The security of your crypto wallet depends upon a variety of factors, including the type of wallet you use from those listed above as well as the provider of your wallet. Managing your wallet online is inherently more vulnerable than keeping an offline wallet such as hardware or paper wallets.
It is very important to be diligent in the security of your digital currency. This includes backing up your wallet and keeping only the funds for everyday use online. Large amounts of digital currency should be kept somewhere secure and preferably offline in cold storage.
What Else Should I Know?
There are cryptowallets that support only one type of currency, as well as those that have the capacity to support multiple digital currencies. The right wallet type for you will depend upon whether you intend to stick to one type of cryptocurrency, or to try your hand at multiple currencies.
Cryptocurrency wallets aren’t necessarily anonymous; however they aren’t directly tied to a person’s identity. Your personal information (name, address, etc.) won’t be stored on the blockchain but certain data could be traced back to your identity.
Do you already have your wallets set up but wish to learn what you can do with your cryptocurrencies? Be sure to read this article.
What Cryptocurrency Wallets are Currently Available?
Once you’ve decided what type of wallet you want to use, there will be endless options at your disposal.

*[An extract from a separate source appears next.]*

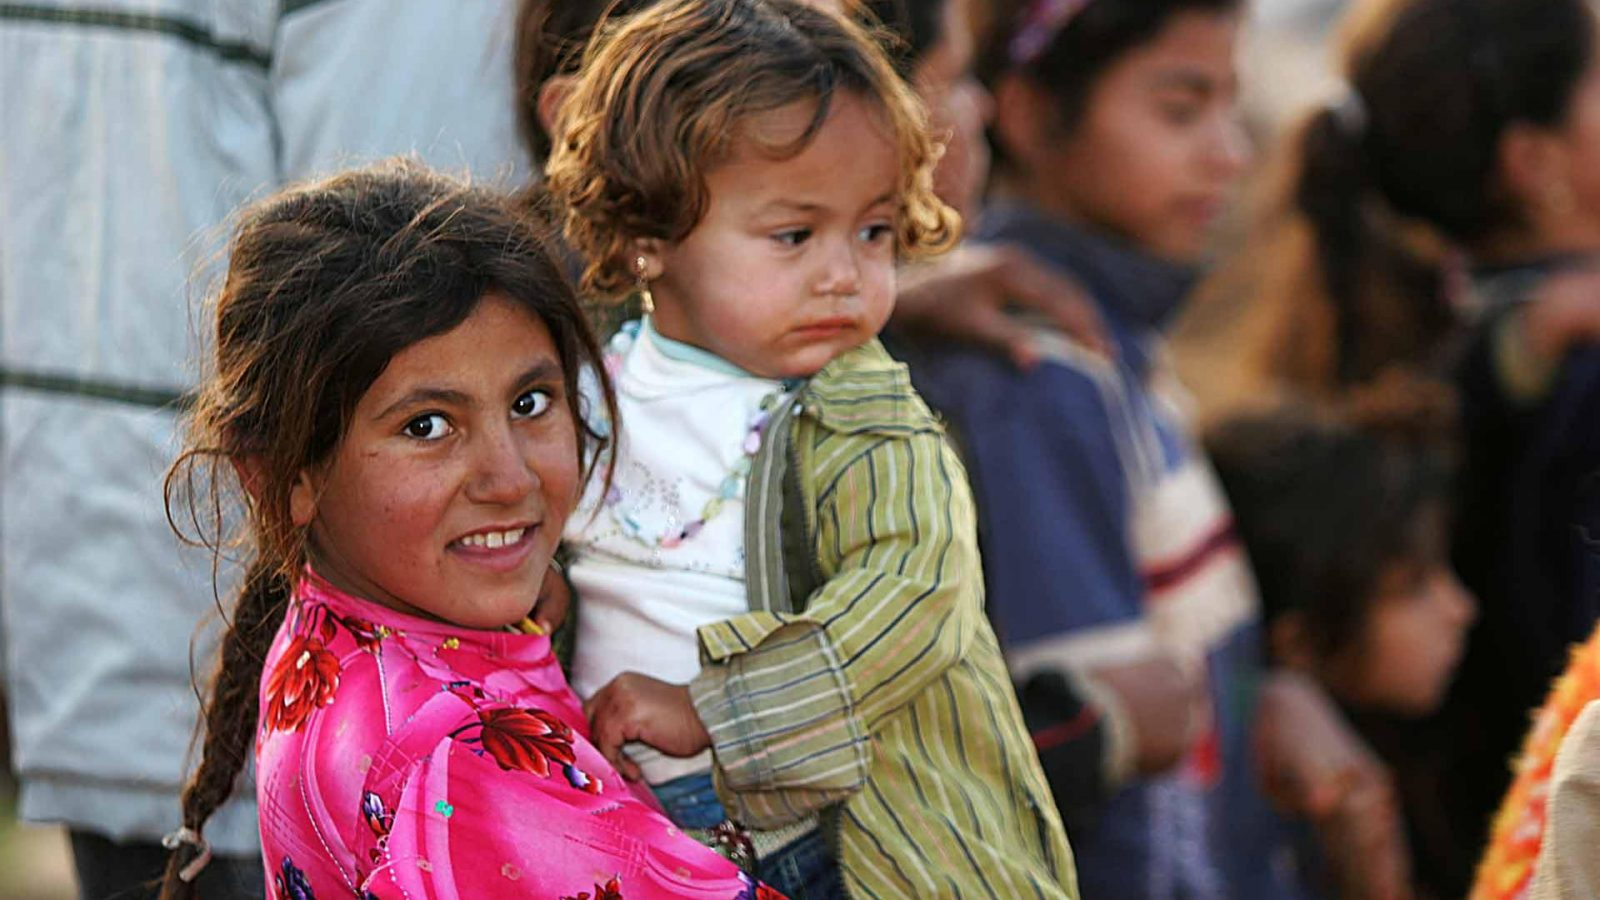 Young Iraqi refugee holding a young Iraqi refugee

Here’s a quick look at some of the wallets on the market.
Trezor (hardware): Trezor wallet is a sturdy device offering support for bitcoin, bitcoin cash, ethereum, litecoin, dash and zcash. Users typically give the wallet high marks for durability, function and ease of use. Trezor.io
Ledger Nano S (hardware): This hardware wallet offers the security associated with all hardware wallets, however is known for its compact and convenient size and lower price tag compared to Trezor. Supported currencies include bitcoin, ethereum, litecoin, Ripple (XRP) and several other alt coins. You can see the updated list and buy your Ledger Wallet directly on their site.
Jaxx (software): This software wallet is available on iOs, Android, desktop and mobile. The software allows you to back up your wallet, as well as transfer to another device at any time. While it is the preferred wallet for those who are very comfortable with all things tech, it may have a steeper learning curve than other options. (Jaxx.io)

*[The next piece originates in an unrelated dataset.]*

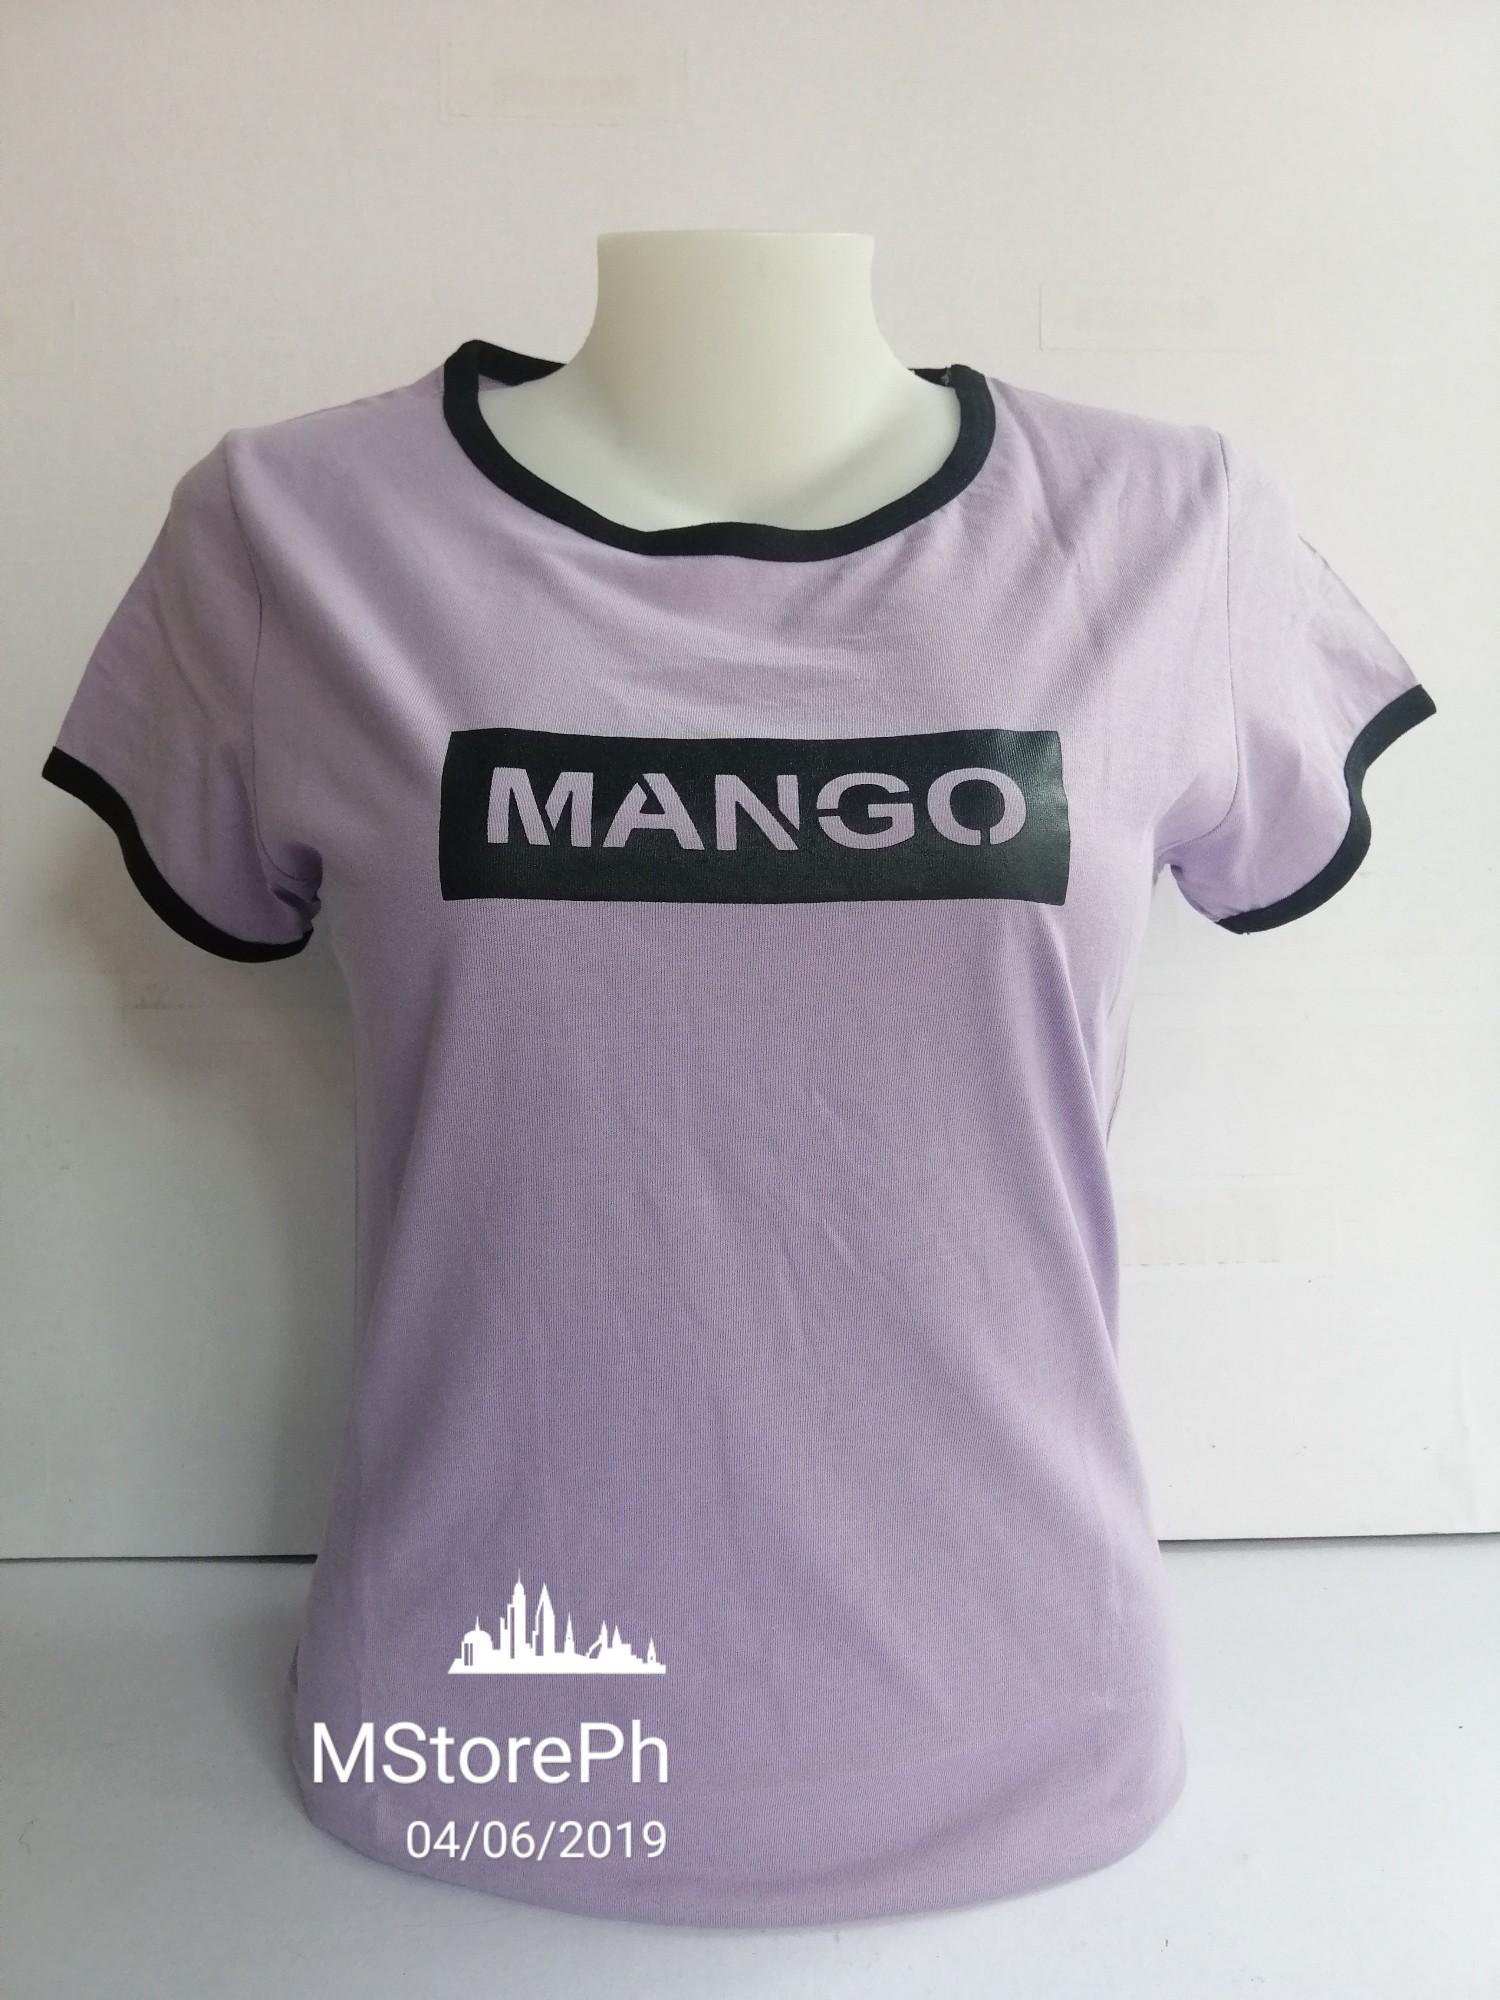 4a3328ae436 Mango Philippines: Mango price list - Mango Satchel, Tote Bag ...

Electrum (software): This fast and easy to use wallet is known for it’s flexibility. Offering integration to a hardware device, storage solutions, and excellent security, this versatile software wallet may meet the needs of most users. (Electrum.org)
MyEtherWallet: This wallet is a great solution for someone who wishes to have the security of a hardware wallet, without the hefty price tag. By using their website (myetherwallet.com) or running the program offline, you generate your wallet and keep track of your keys on your own. These wallets aren’t recommended for someone new to digital currency. In addition to ethereum, the wallet supports ERC-20 tokens. It can be used in conjunction with hardware wallets. Security tip: this site is often the target of phishing sites created with very similar domain names designed to trick you into giving them your wallet information. Always triple check domain addresses before entering information.
In short, a cryptocurrency wallet is essentially a place to track and manage your digital currency. There is no physical coin being transferred at anytime, but rather a record is created in the blockchain ledger of these transactions. Users may choose between a paper wallet, hardware, or software (which include desktop, mobile, and online wallets). There are varying degrees of security offered within these categories, offline being inherently more secure.